Power raced around the Methow Valley and Pateros last week, guiding volunteers from one worksite to another.
“That was one of the biggest challenges,” said Jensen. “We’d drive 45 minute to get from one place to another.”
Other members of the Dawn Patrol worked at Alta Lake State Park, where three tree-planting teams did cleanup and planted 89 large trees. One team bundled plants for the Okanogan Conservation District’s plant distribution to fire survivors and another team repaired fencing south of the town of Methow, Power said.
In addition to the Dawn Patrol, an Amish family from Montana — a father and his five sons — donated four days of fence-building on properties in Pateros and in the Chiliwist area, Power said.
Nine AmeriCorps volunteers assisted other volunteers in moving debris and planting trees at Alta Lake State Park, and with fence building on McFarland Creek.
The AmeriCorps volunteers also helped at the Relief Distribution Center in Pateros, where about 100,000 pounds of donated clothing were bagged for resale, generating about $20,000 for the Carlton Complex home rebuilding effort, Power said.
Priceless contribution
The work by volunteers during the last week alone equates to more than $70,000 in labor, Power estimated.
“However, in my opinion all of the wonderful assistance these amazing volunteers did to assist in the recovery and rebuilding effort is priceless,” she said.
The total amount raised for the reconstruction effort is now almost $700,000, said Carlene Anders, executive director of the CCLTRG.
The recovery organization is hoping to raise about $4.2 million to rebuild about 40 homes destroyed in the fire that belonged to people who were uninsured, underinsured or have other unmet needs, Anders said.
The funds will also pay for staff hired to oversee the rebuilding campaign and for disaster case managers who are assisting people with issues related to loss and recovery from the fire.
Reconstruction of lost homes will be done in phases, beginning with 11 homes identified by case managers and as belonging to people with the highest vulnerability or need, Anders said.
“The volunteers, and their heavy equipment, are paving the way for our first home reconstruction, which will begin in the next few weeks.
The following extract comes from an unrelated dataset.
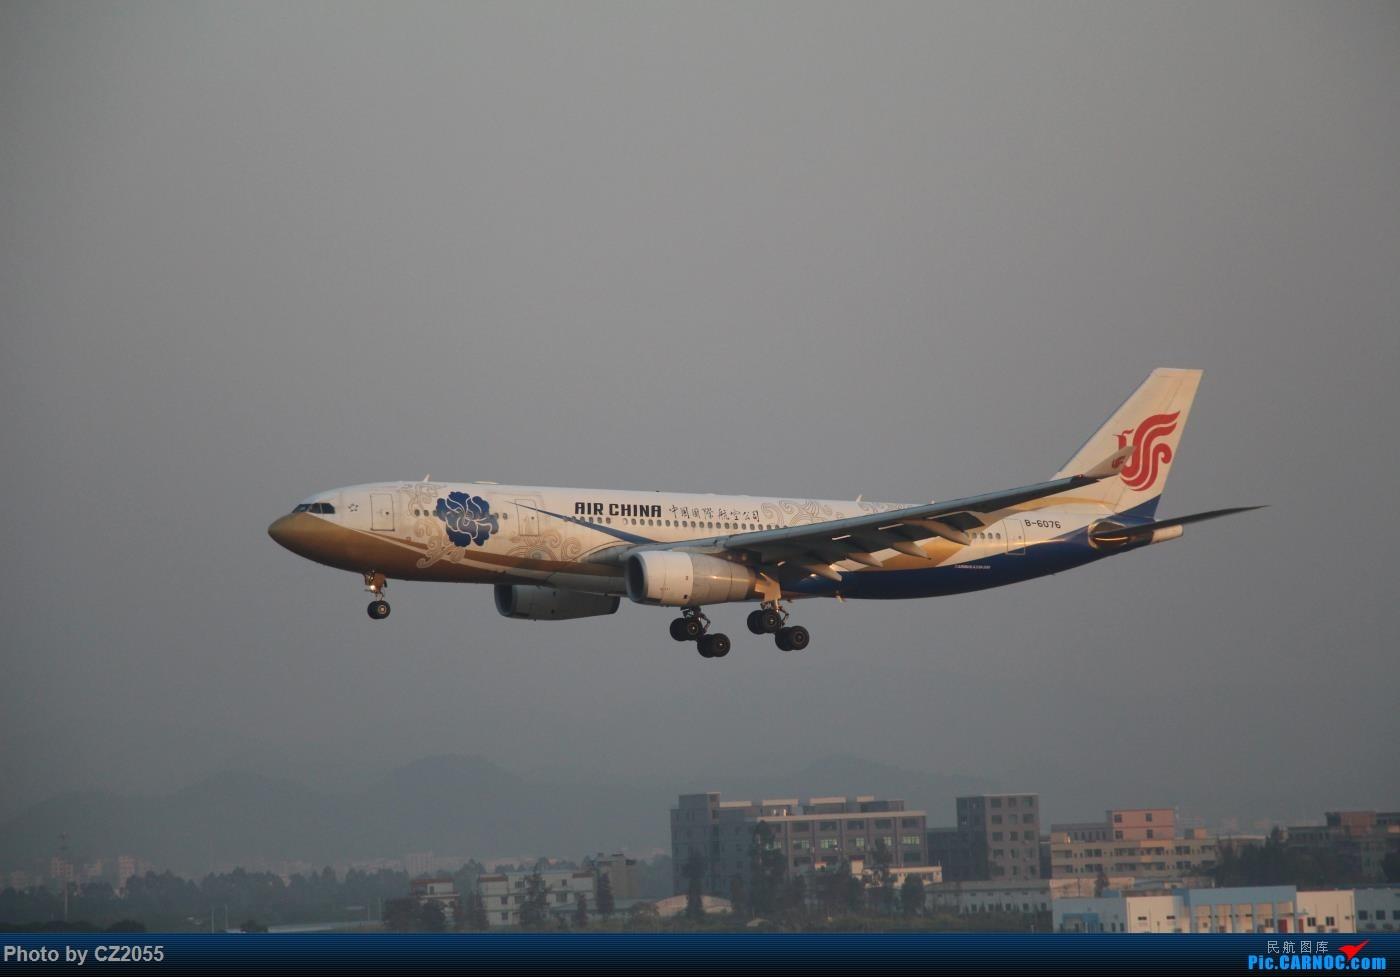 Re:[原创]【广东青少年拍机小队】【C-Z-2055】2015即将结束,来做个总结。 AIRBUS A330-200 B-6076 中国广州白云国际机场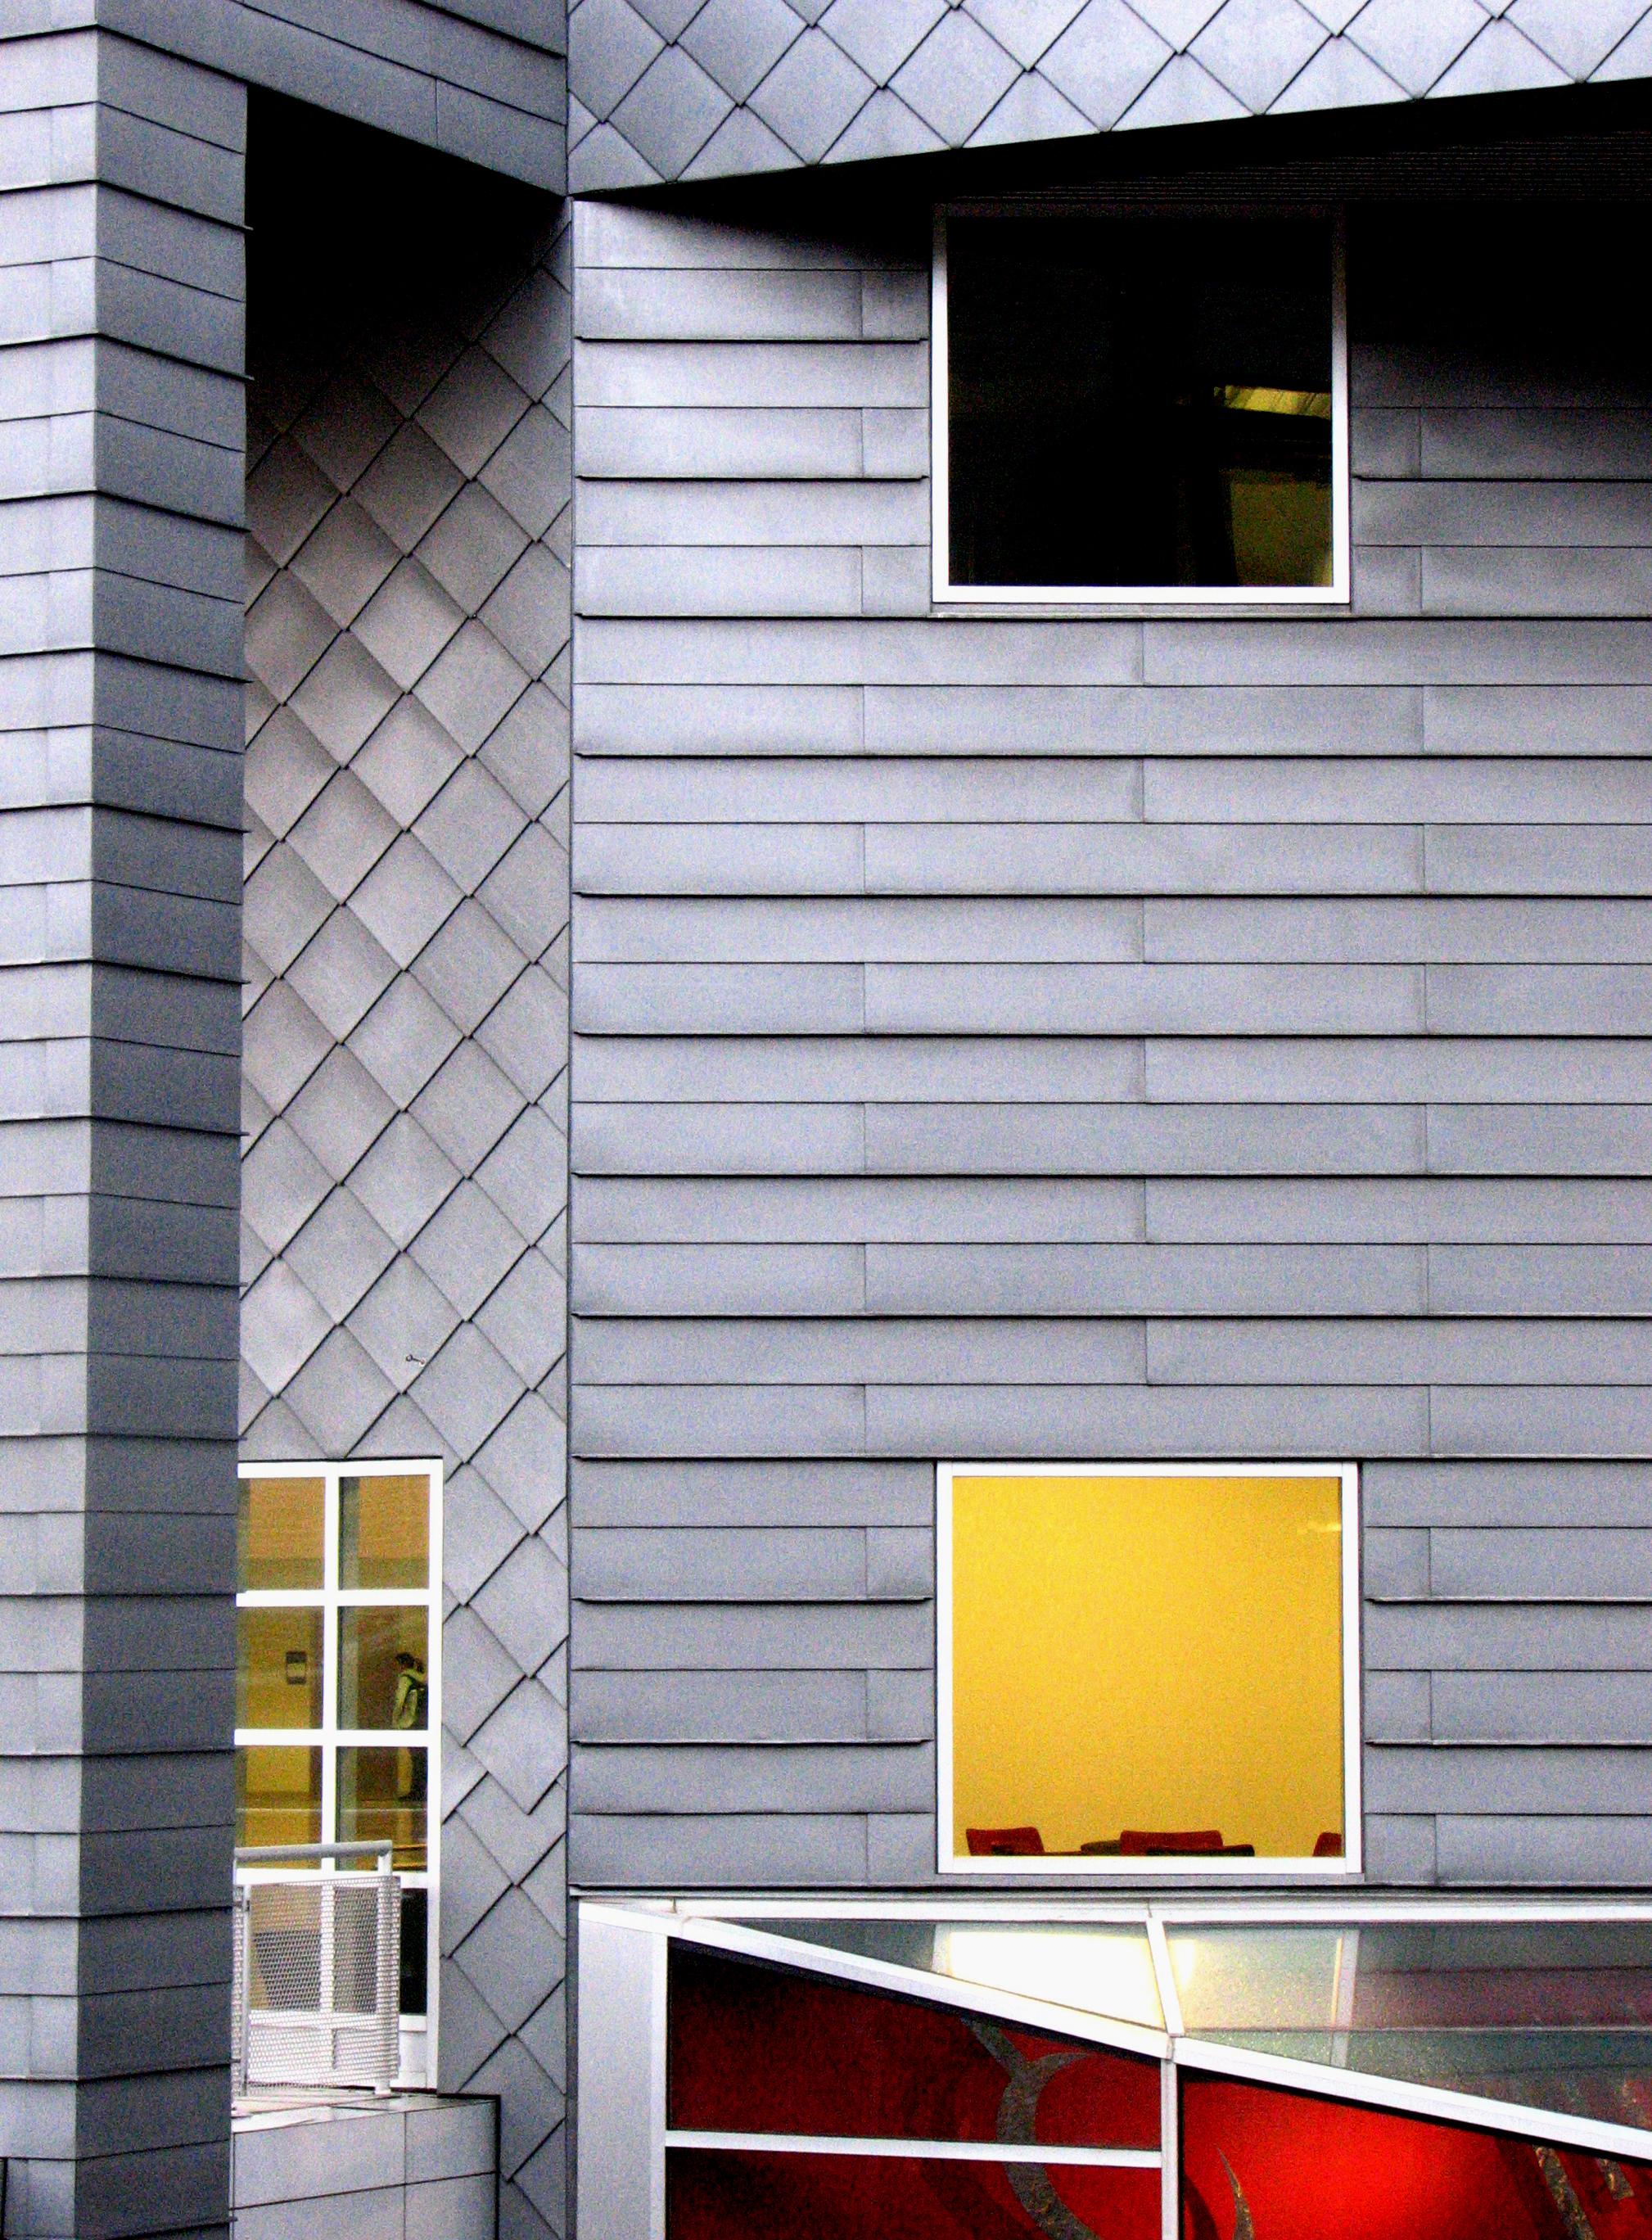 ... photo explore facade door material interior design photos de university window blind fotografie explored c&us siding uc arhitectura ... & Free Images : architecture wood photography house home wall ...

We’re now ready to lay septic fields and pour foundations,” Anders said.
Power said work by the Dawn Patrol last week included removal of eight foundations — one in Squaw Creek, one in Gold Creek, one on Balky Hill, two off North Starr road, two in the French Creek area, and one in Alta Lake.
The teams removed more than 20 dump truck loads of metal from French Creek, Alta Lake and Bell Canyon sites. About 65 yards of concrete were hauled out of Squaw Creek, North Starr Road and Alta Lake, Power said
The heavy machinery was donated by Bob Bozath Construction, Chehalis; Site Development Inc., Tacoma; Pape Machinery, Wenatchee; and Jerry Boes, Chehalis. Zirkle Orchards donated housing and Alta Lake State Park donated campsites.
Volunteering to help with the recovery “was unbelievable,” Jensen said this week after returning back to Chehalis.
“It obviously feels good to help people out, and everybody over there was so appreciative. I think it did more for me than for them,” Jensen said.
“At the end of the week we were trying to figure out how we could stay another week. I’d love to come back.”